The government argued that this exemption should be applied because “key stakeholders will be considerably more circumspect in providing free and frank advice to the Scottish Government, if it is widely known that advice provided in these initial stages of policy formulation is likely to be disclosed”.

Importantly, the Commissioner “notes that the Ministers have applied the exemption…to only a few, specified comments in three of the documents, and have asked for the exemption to come into play only if she rejects the application of the exemptions in section 29(1)(a) and 30(c).

So desperate was the government to keep this information secret that they had sought a back-up exemption for use if their first attempt was rejected.

Where the exemption has been applied to Document 1, the Commissioner “does not accept” the government’s argument and requires that this information is disclosed.

In Documents 2 and 4, the Commissioner accepts that the exemption is valid as the specific comments to which it has been applied are “more personal in nature”.

Having confirmed that the exemption has, in these cases, been correctly applied, the Commissioner then applied the public interest test. In this instance, she decided that the exemption should be permitted.

Despite recognising that “disclosure of the information withheld…would increase transparency and allow the public to gain a better understanding of the information and advice provided to Ministers on this subject”, the Commissioner ultimately accepted that disclosure of the “few, specified comments” being withheld under this exclusion would “inhibit expert individuals from commenting frankly and willing on such issues”.

In the end, she decided that the government is “entitled” to apply the exemption in this one area, meaning that a small amount of information will likely remain secret.


Assuming this decision is not challenged by Ministers in the Court of Session, the Scottish Government is now required to disclose information that it wasdesperate to keep hidden from the public. Although the application of one exemption has been partially upheld, this will only allow the government to withhold “a few, specified comments” in two documents — the rest will have to be released.

It is worth noting that the government has now spent 10 months (almost to the day) fighting against the release of information when disclosure was always, quite clearly, in the public interest. It now has until 18 August, 2016 to provide me with the information outlined above: at that point this investigation will be just a fortnight short of one year old.

This of course means that potentially damaging information will not be available to the public until the new standardised tests are about to be trialled, therefore undermining our ability to hold the government to account on this matter.

On that particular point, there are also serious questions to be asked about the revelation that the Scottish Government does not take minutes, or even keep notes, from meetings held as part of the policy development process.

Are policies such as the imposition of standardised testing, which the Commissioner describes as “an issue of key public interest”, really being formulated on the basis of the collective recollections of a dozen conversations?

Or, on the other hand, is the government neglecting to retain this sort of material and, whether intentionally or otherwise, keeping important information out of the reach of FOI legislation?

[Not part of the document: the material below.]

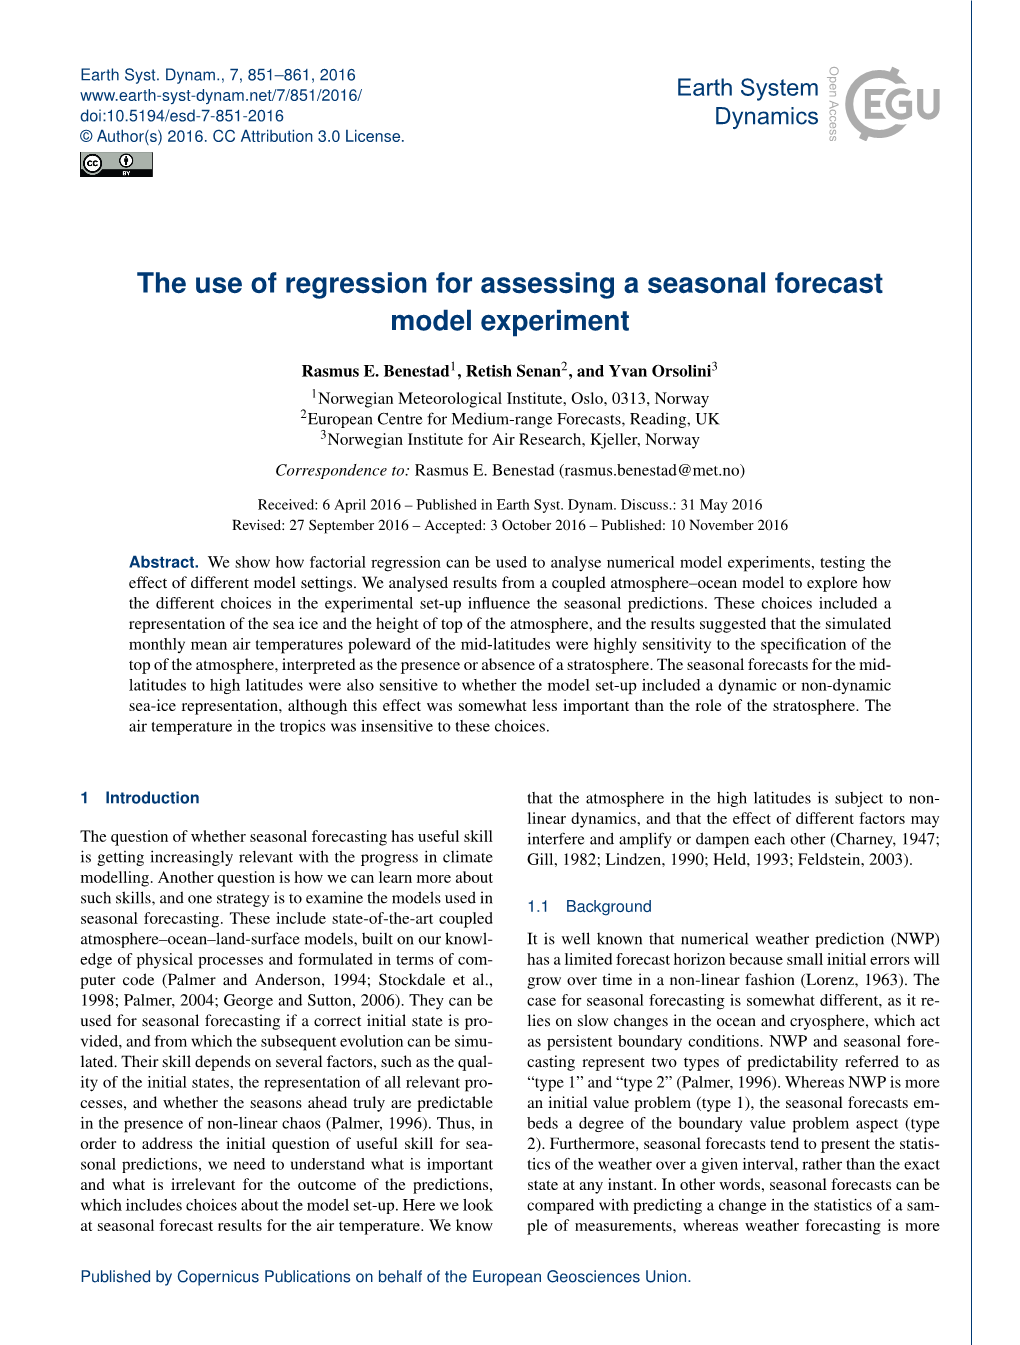 The Use of Regression for Assessing a Seasonal Forecast Model Experiment

Attention should also turn to the description of the written advice at the heart of this issue as “unsolicited”. We already knew that the government received only four pieces of written advice from just two individuals during the development of this policy; we now know that they didn’t even bother to ask for that advice in the first place.

It looks very much as if the Scottish Government settled on National Standardised Testing — a feature of the NIF that was never up for discussion from the moment the document was published — without even seeking written advice from academics or education professionals. I doubt I’d be the only person to feel deeply uncomfortable about such a dangerously flawed method of policy development.